E-Auto-Import bricht nach Steuervorteilsende massiv ein.

E-Auto-Import bricht nach Steuervorteilsende massiv ein
E-Auto-Import bricht nach Steuervorteilsende massiv ein

Starker Rückgang bei der Einfuhr von Elektroautos

Nach Angaben von Novyny.live: Die Einfuhr von Elektrofahrzeugen in die Ukraine ist im Januar 2026 drastisch eingebrochen. Den Zulassungsdaten zufolge wurden nur noch 2300 Erstzulassungen für E-Autos registriert. Das ist ein Rückgang um das Vierzehnfache im Vergleich zum Dezember 2025, als noch rund 33.000 Elektroautos neu zugelassen wurden. Hauptursache für diesen Einbruch ist das Auslaufen der Mehrwertsteuerbefreiung für importierte E-Fahrzeuge, die am 1. Januar 2026 endete. Diese Regelung hatte den Markt zuvor jahrelang befeuert.

Die aktuelle Lage auf dem ukrainischen E-Auto-Markt

Die Statistik für Januar 2026 zeigt 1450 Erstzulassungen für gebrauchte und 904 für neue Elektrofahrzeuge. Das abrupte Ende der finanziellen Anreize hat die Attraktivität von E-Autos für Käufer deutlich geschmälert und die Nachfrage sowohl nach neuen als auch gebrauchten Modellen stark sinken lassen.

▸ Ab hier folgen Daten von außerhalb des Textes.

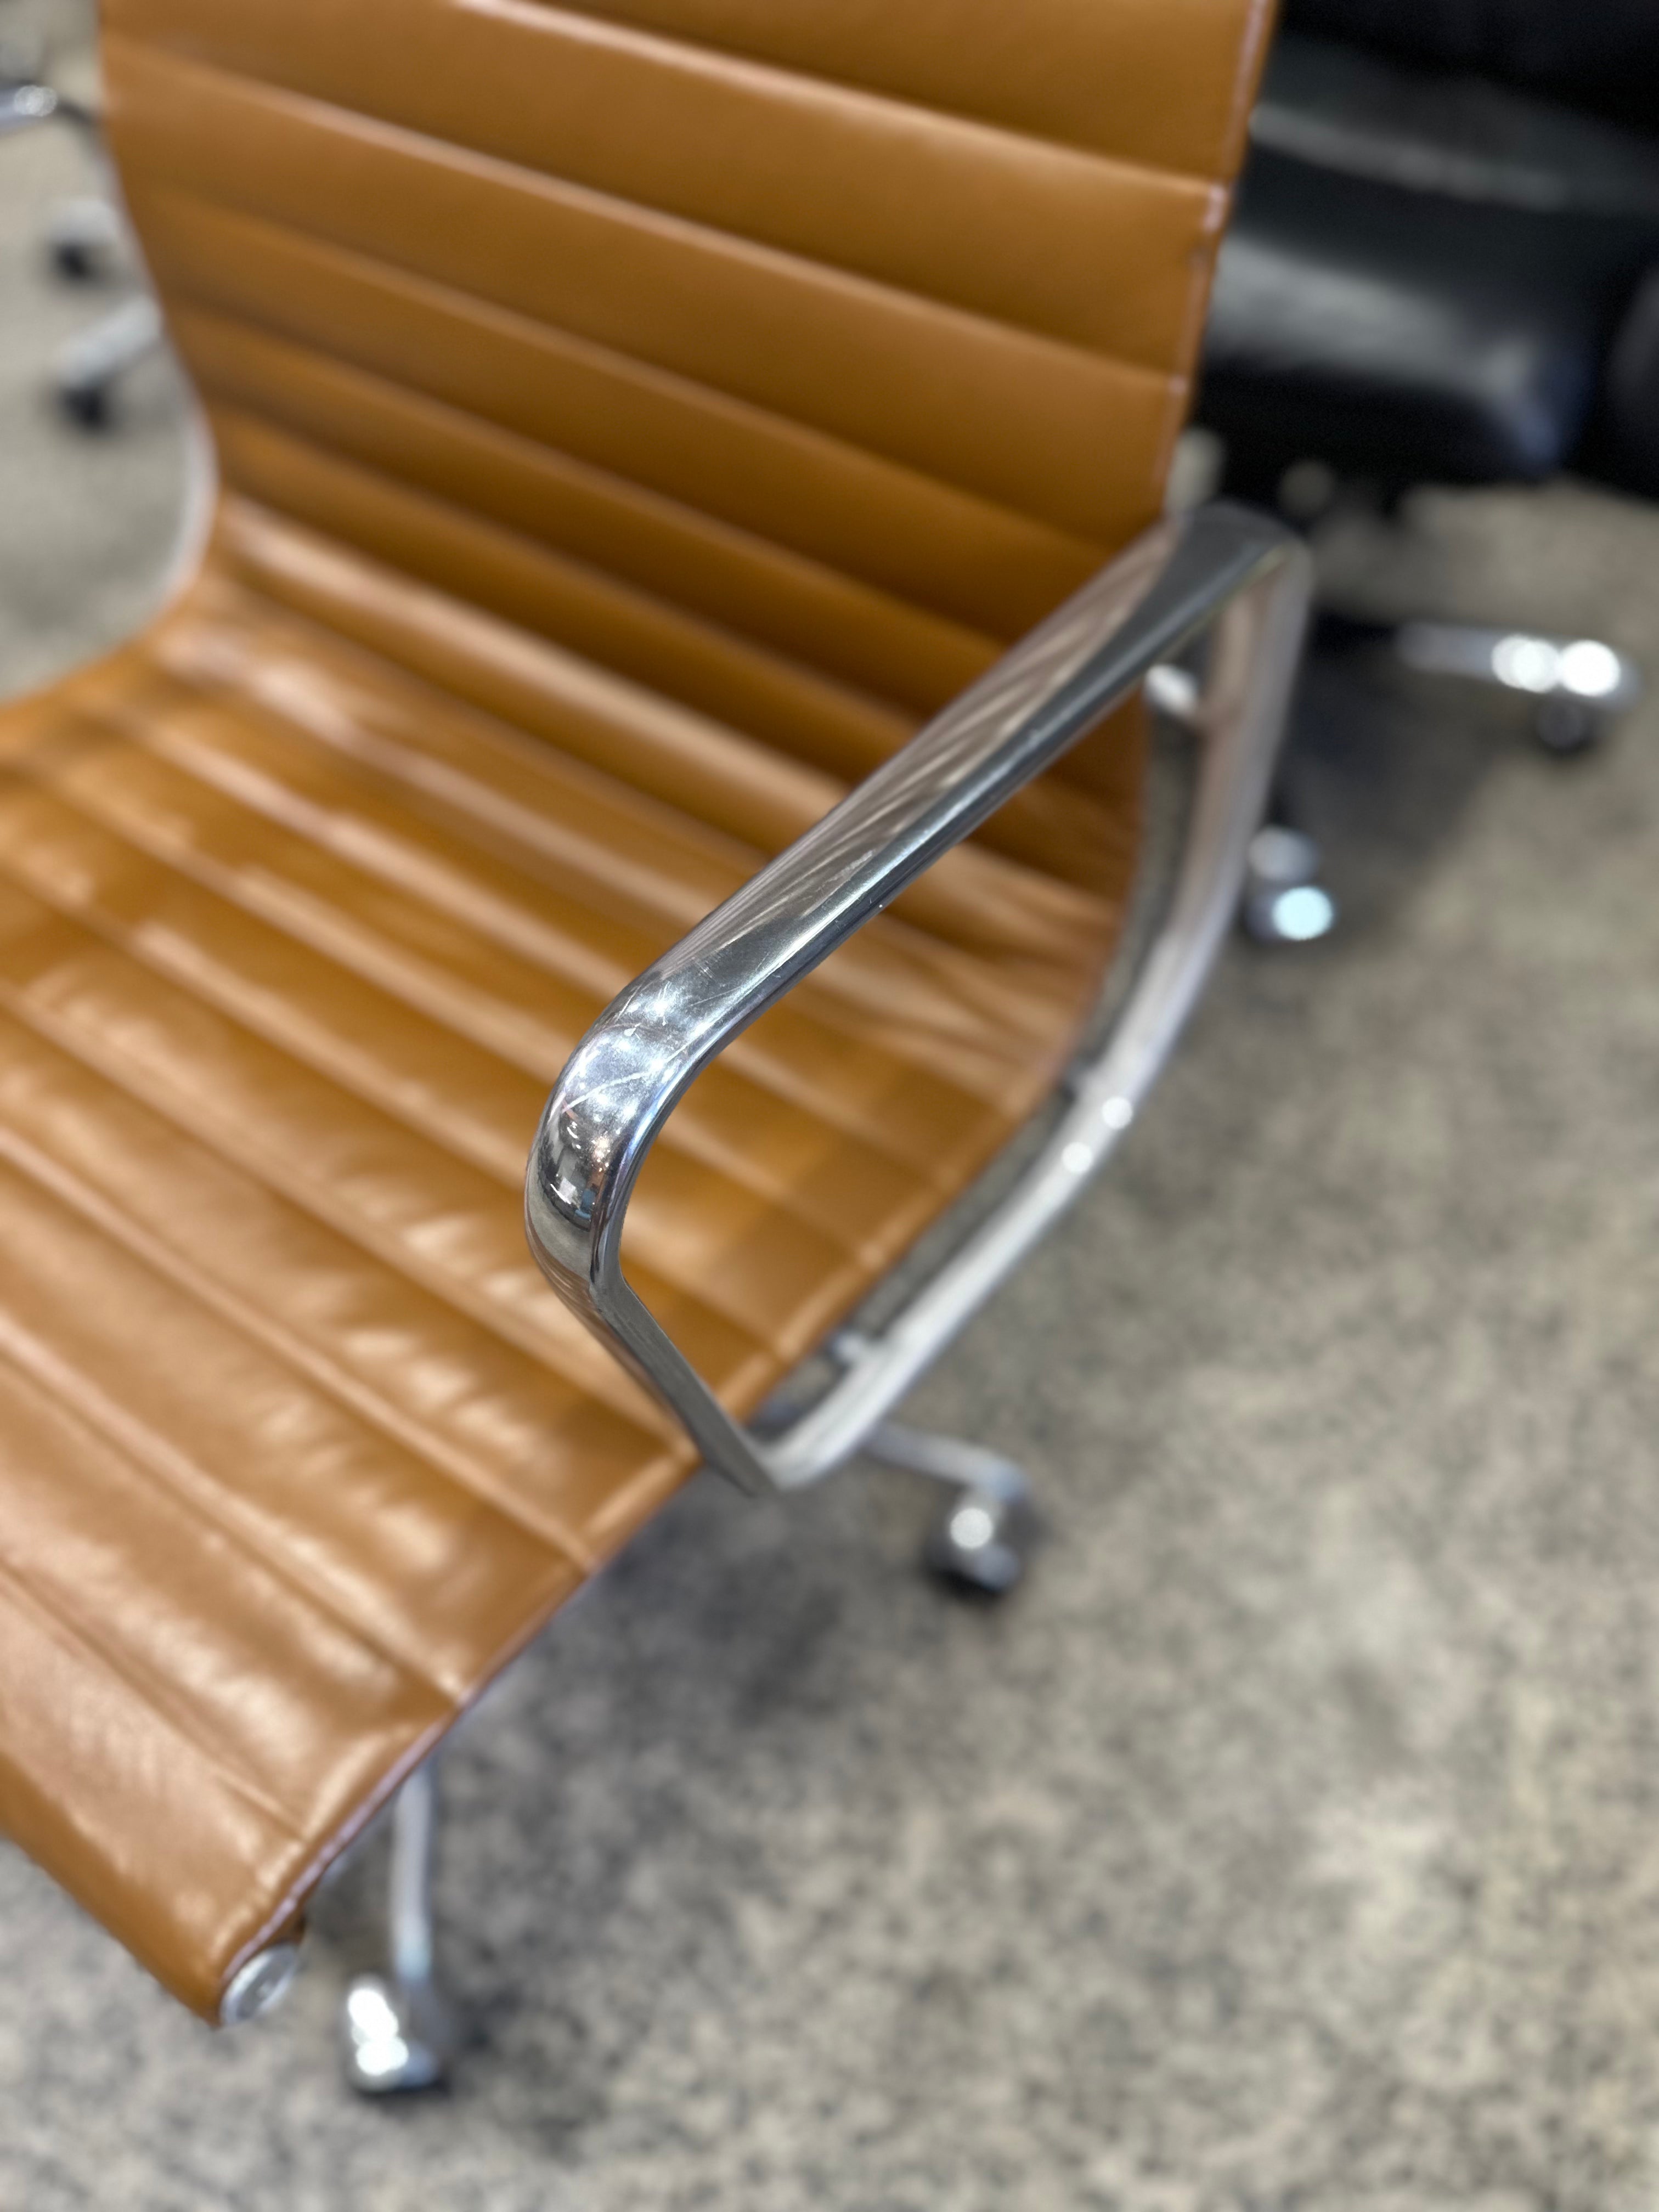 Herman Miller Eames Aluminium Group Management Chair High back Verified Authentic Tan Brown Leather Ray and Charles Eames Chairhub North Melbourne Australia Premium Original Executive Luxury Chairs

Zusätzlich belastet wurde der Markt durch die winterlichen Bedingungen. Bei Frosttemperaturen bis zu -20 °C litten die Batterieleistungen spürbar, was die Alltagstauglichkeit einschränkte. Hinzu kamen gestiegene Ladekosten an öffentlichen Stationen, die mit 30-32 Hrywnja pro Kilowattstunde zu Buche schlugen – ein weiterer abschreckender Faktor für potenzielle Käufer.

Insgesamt durchlebt der ukrainische E-Auto-Markt somit eine schwierige Phase, die maßgeblich auf das Ende der Steuervergünstigungen und die widrigen Witterungsumstände zurückzuführen ist.

Der Importeinbruch unterstreicht, wie abhängig die Entwicklung des E-Auto-Marktes von staatlichen Förderinstrumenten war.

Das Auslaufen der Mehrwertsteuerbefreiung als Hauptgrund für den Zulassungseinbruch könnte langfristige Folgen für Investitionen in diesen Sektor haben. Angesichts hoher Ladekosten und technischer Herausforderungen im Winter dürfte eine Erholung der Nachfrage ohne neue staatliche Anreize oder Initiativen nur schwer möglich sein.